▶ WORK REQUIRED
Pictures excluded, output exactly the lines from the one containing "benq-dvy21-1080p-meeting-webcam-main" through the last line of the listing below.

▶ DATASET EXCERPT
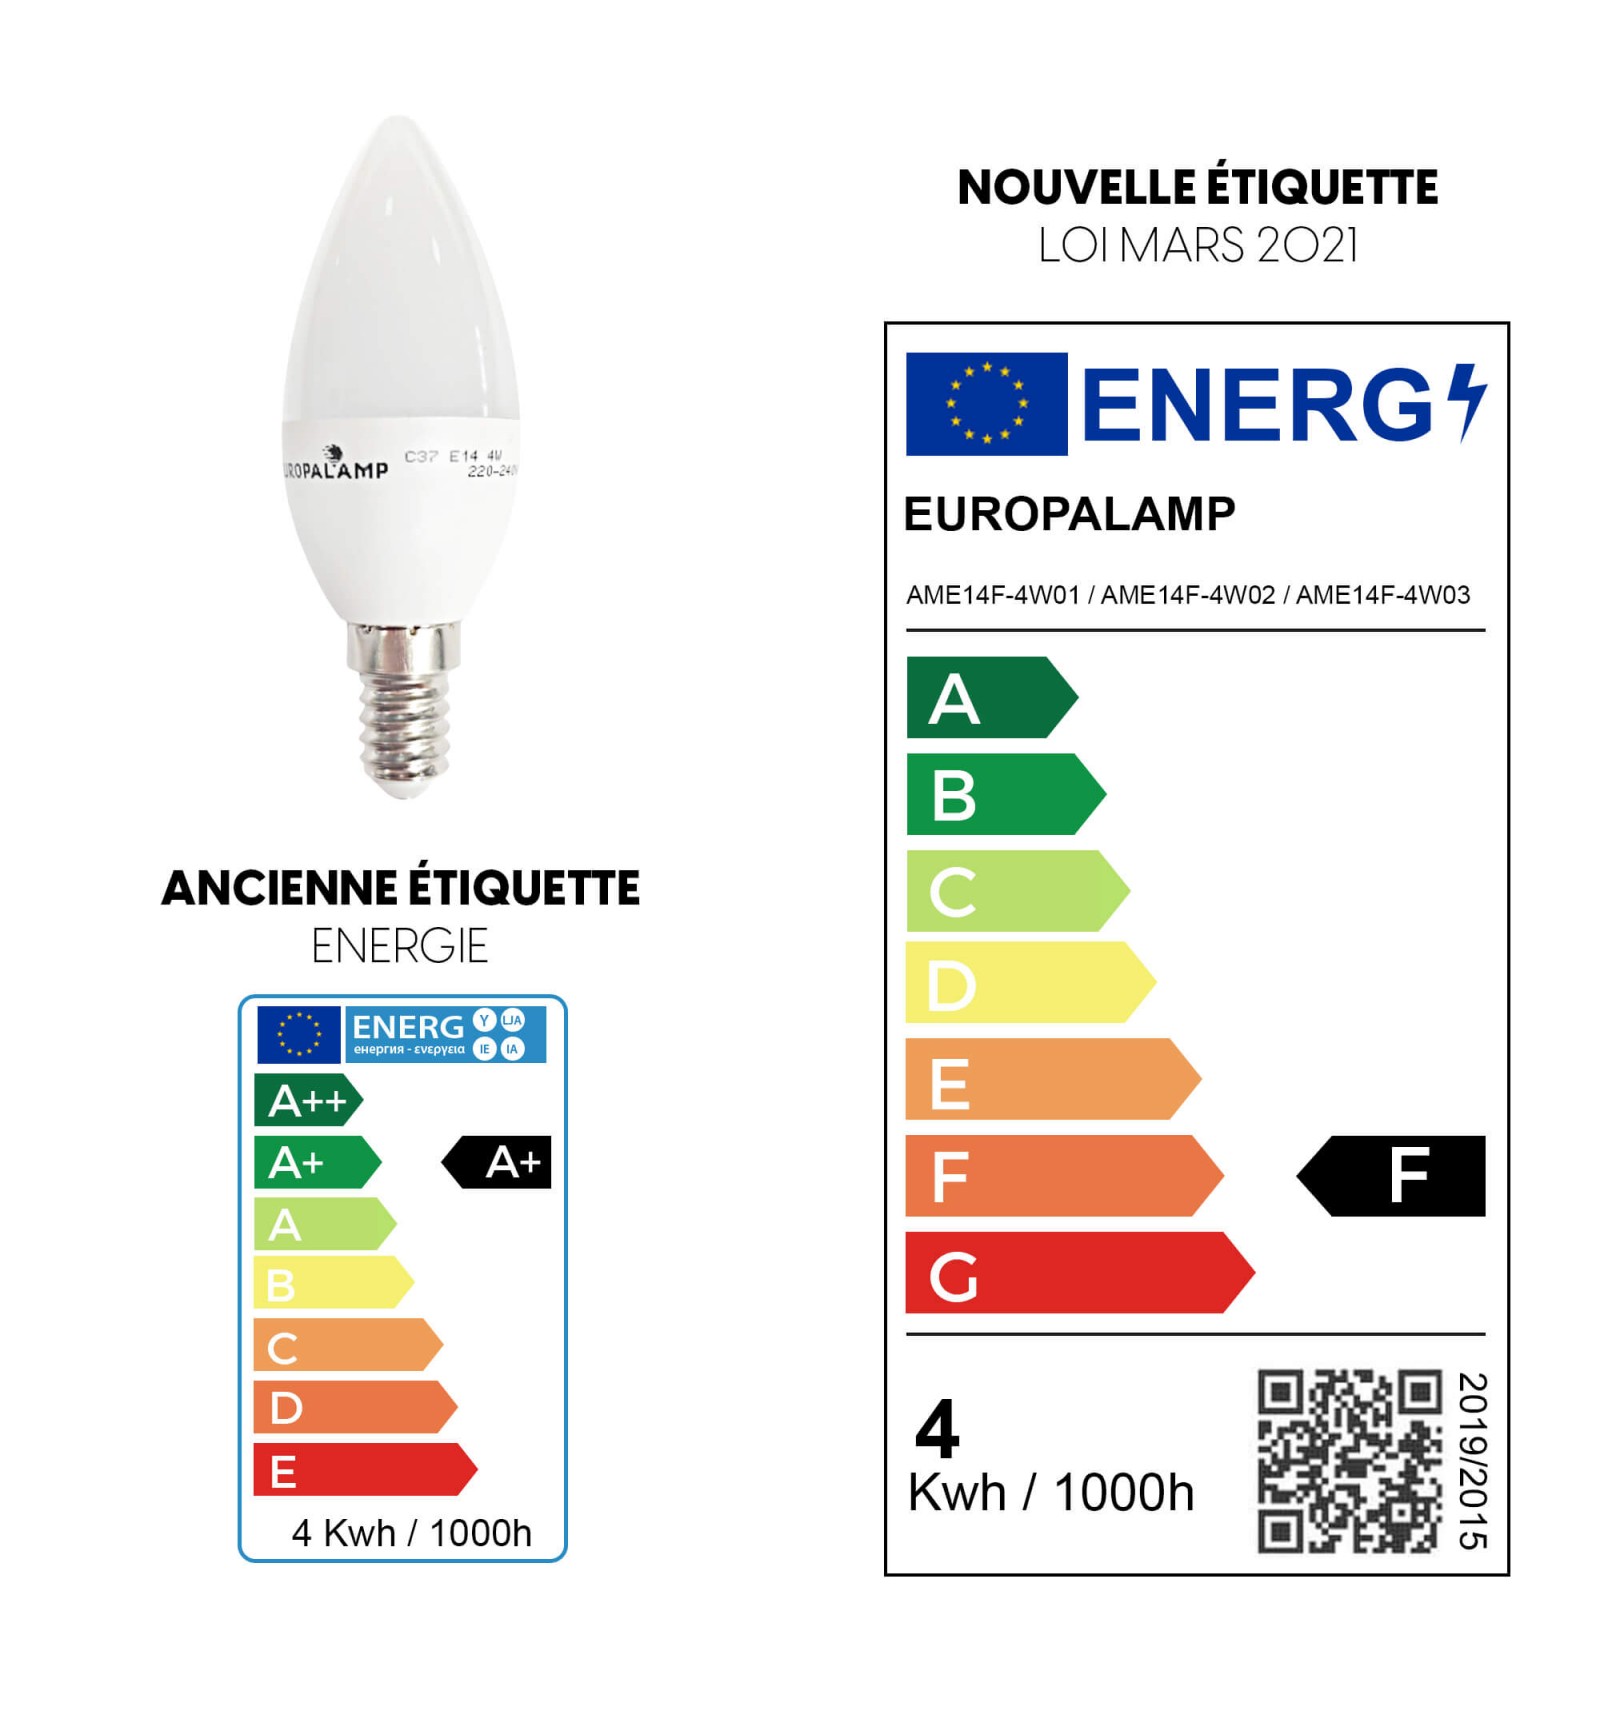 E14 KEJA LED Lampes, Eclairage LED, Lampe, Marque: KEJA, pour les  revendeurs, A-stock - Allemagne, Produits Neufs - Plate-forme de vente en  gros
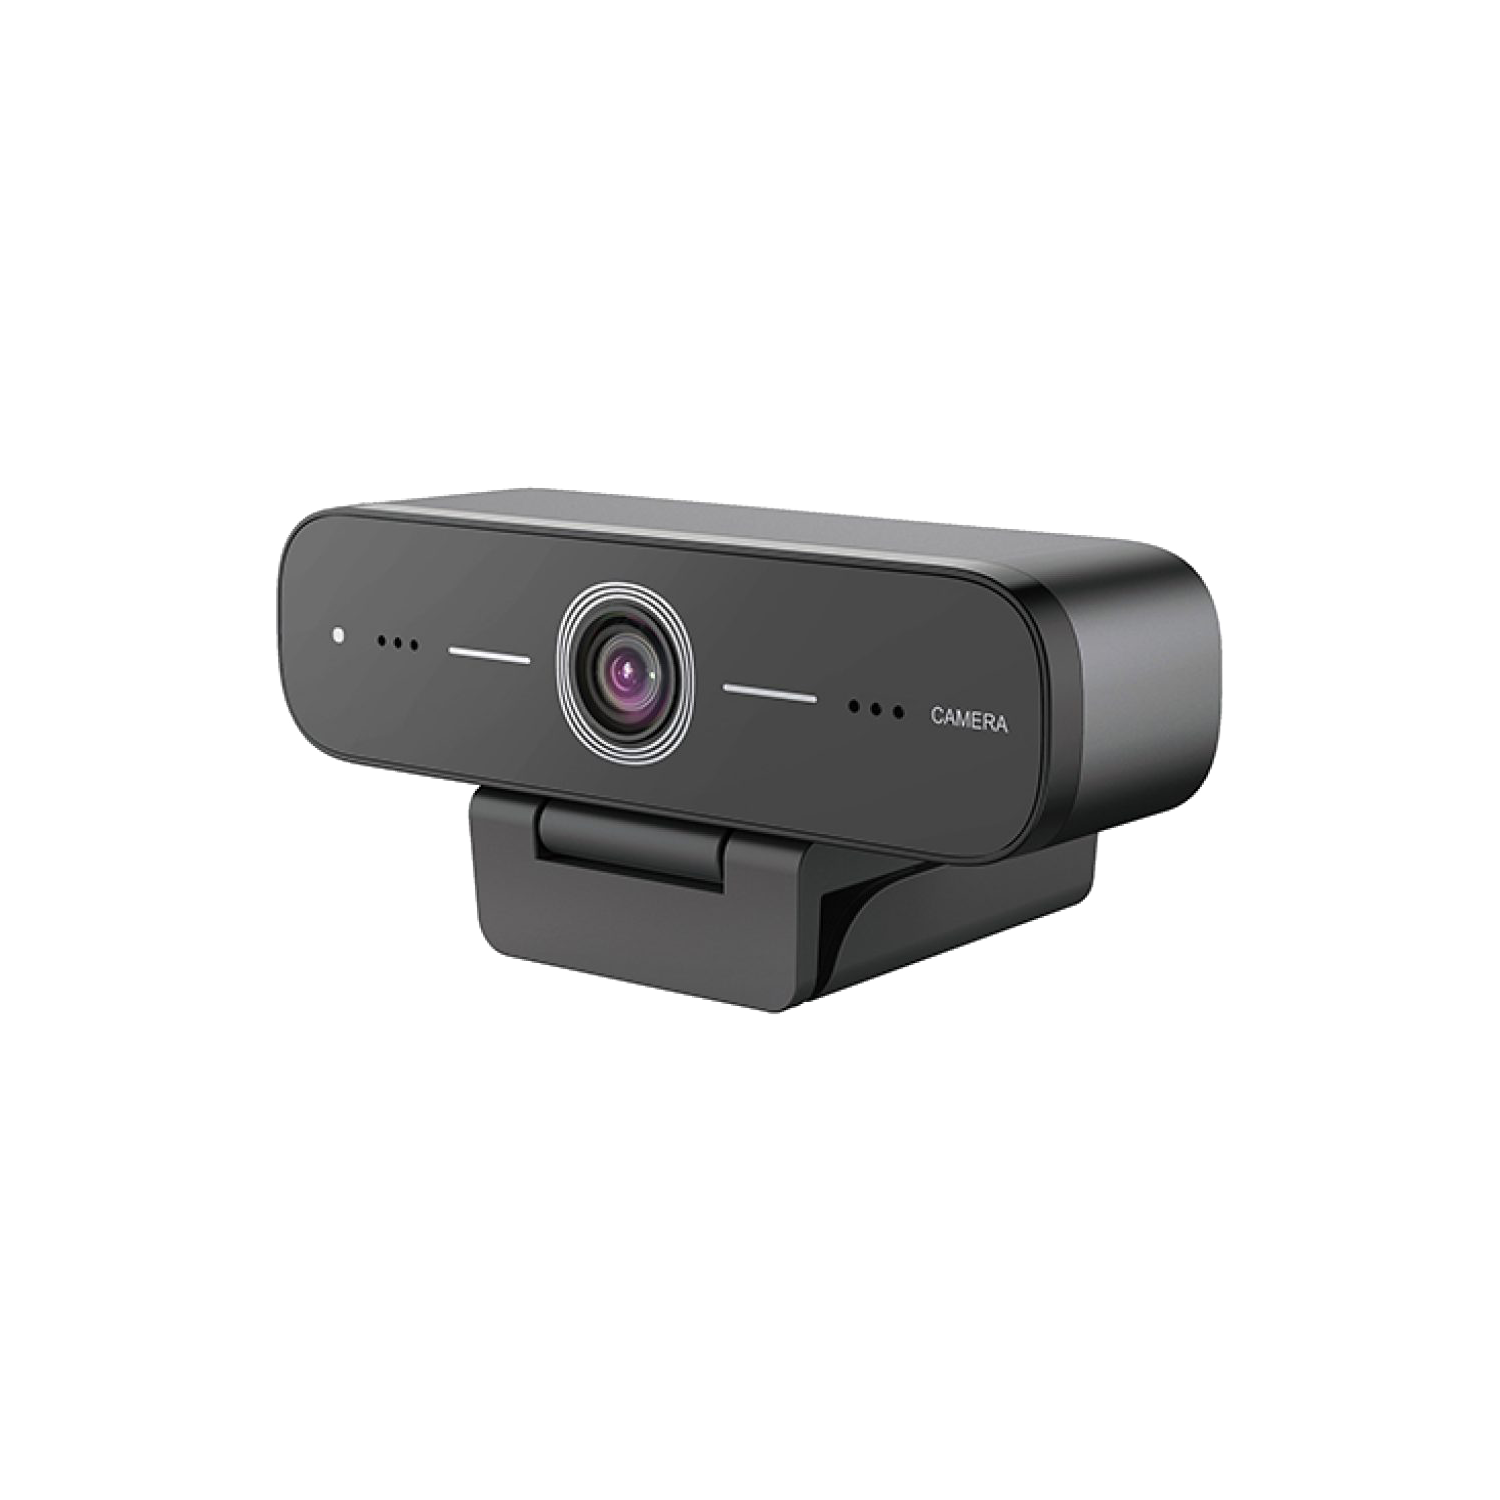 benq-dvy21-1080p-meeting-webcam-main
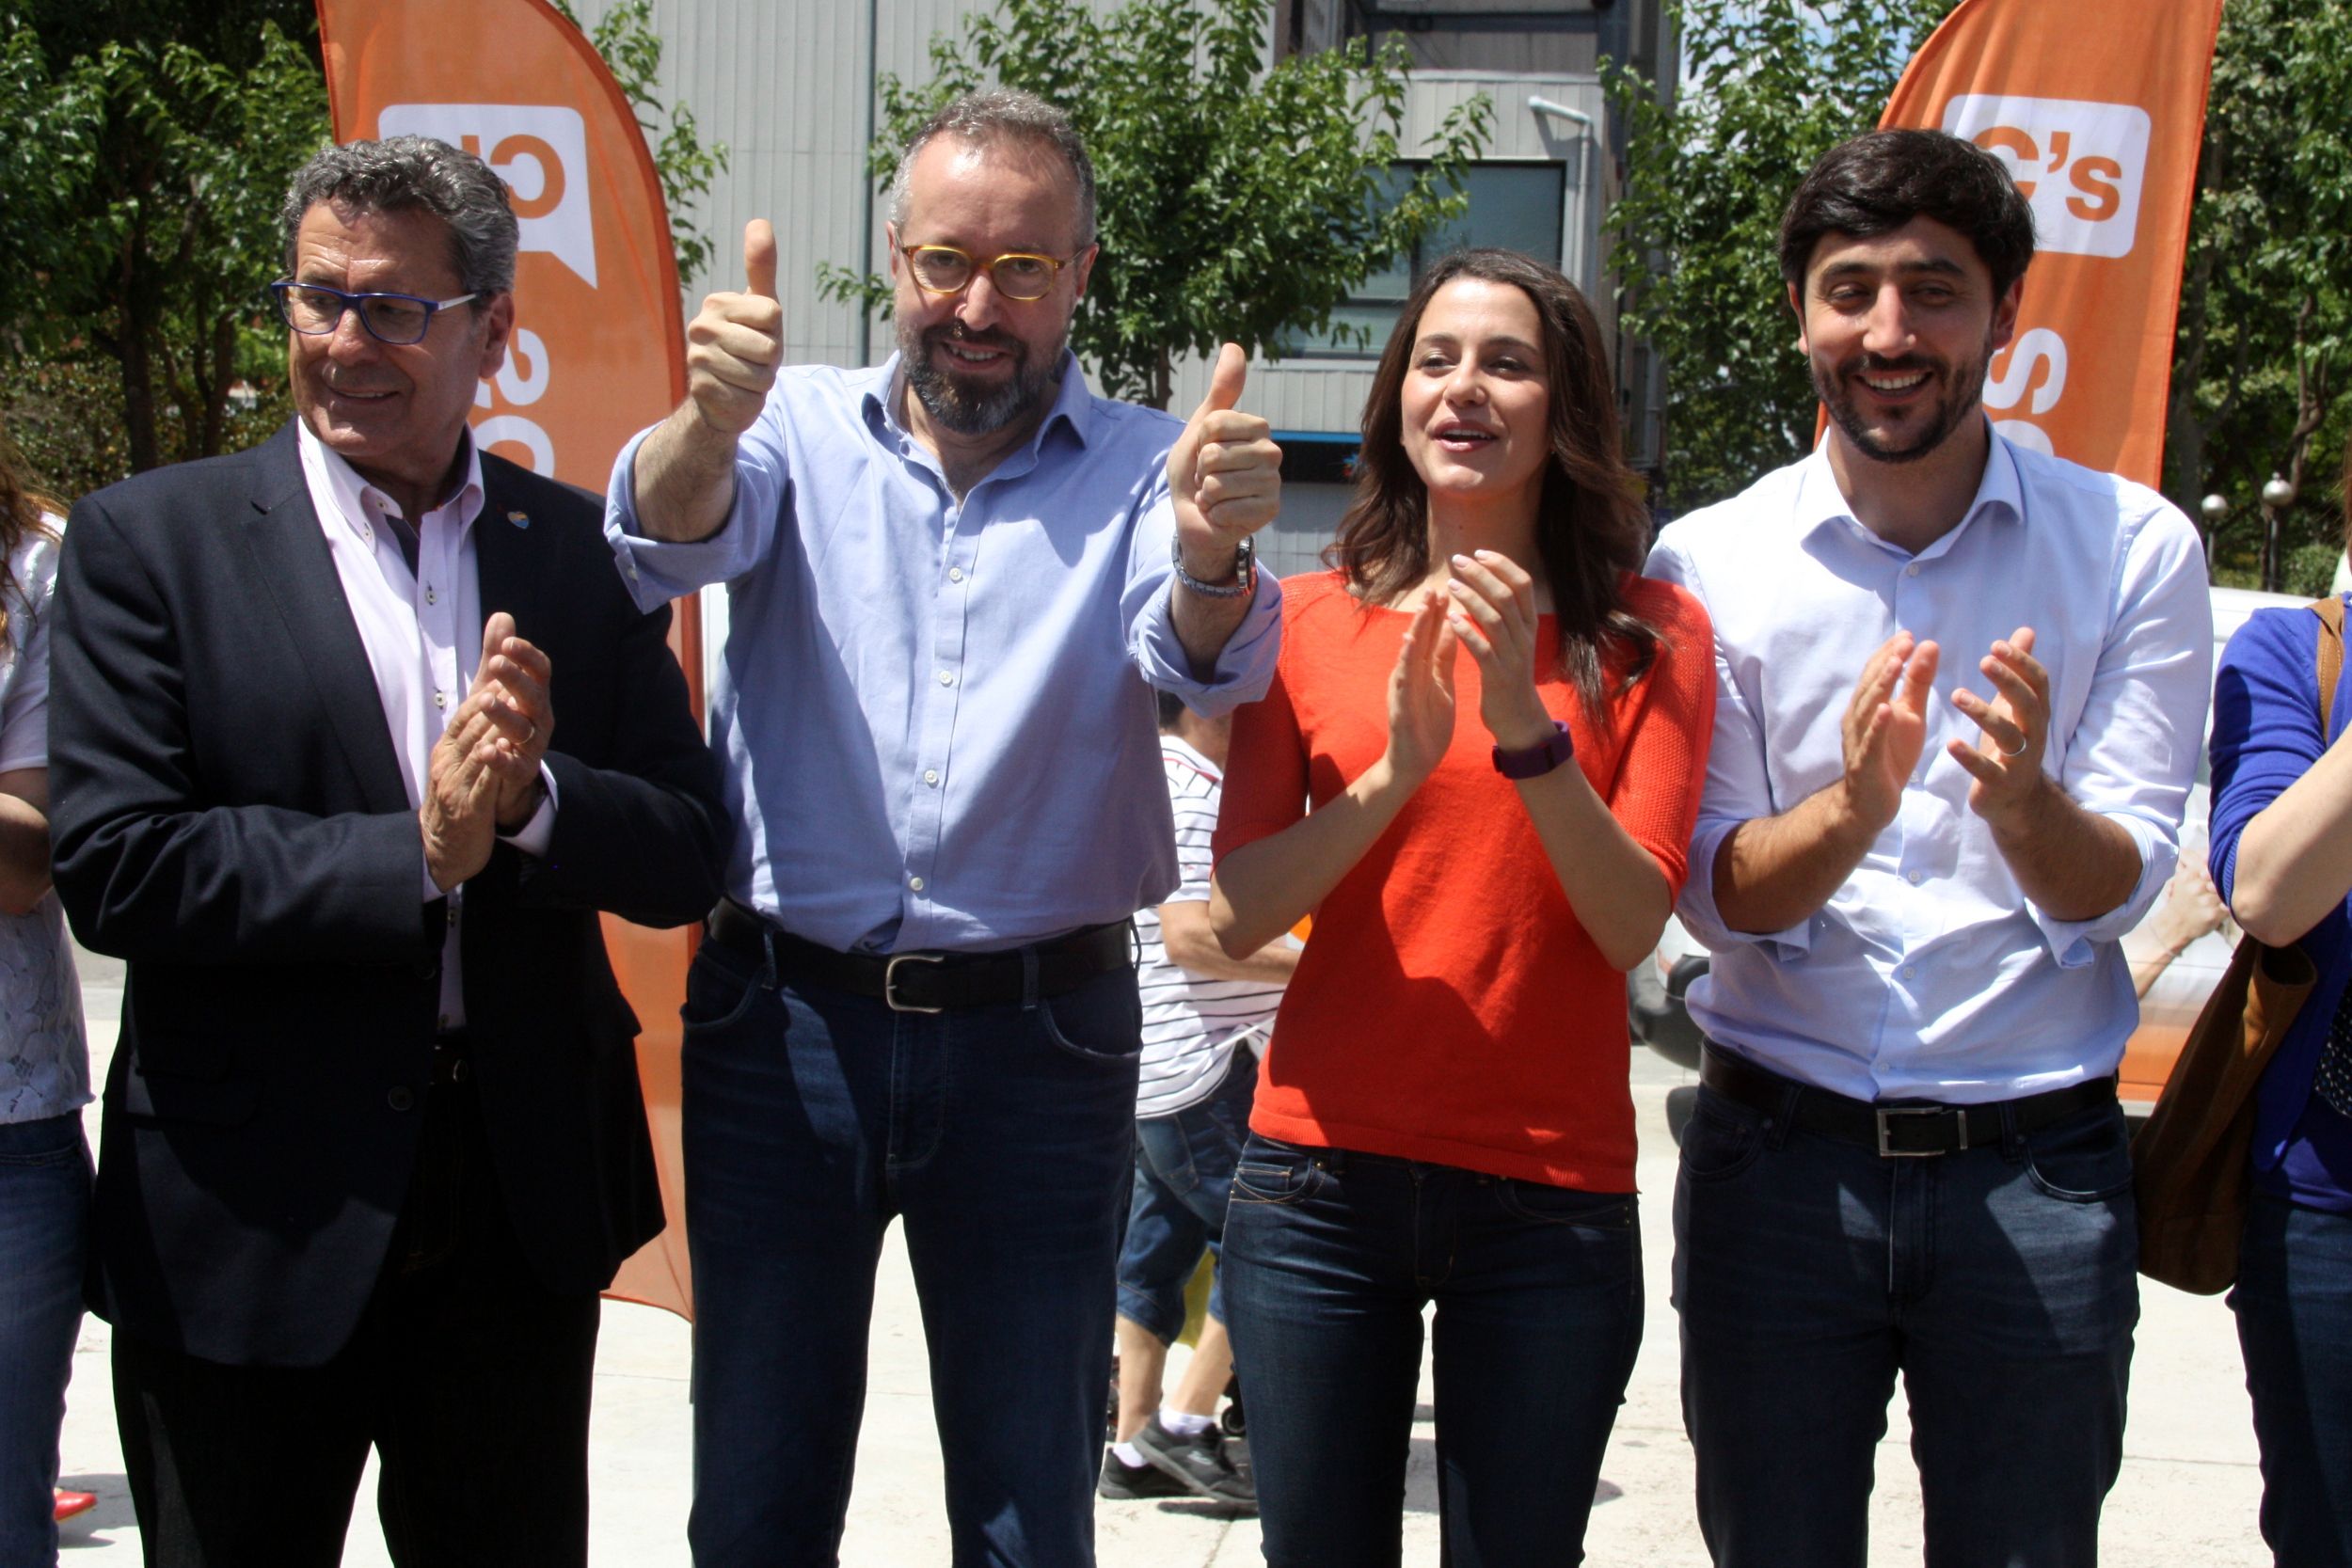 Girauta tensa la campaña: “El combinado C's-Rajoy no existe”

▶ WORKED SOLUTION
 benq-dvy21-1080p-meeting-webcam-main
 Girauta tensa la campaña: “El combinado C's-Rajoy no existe”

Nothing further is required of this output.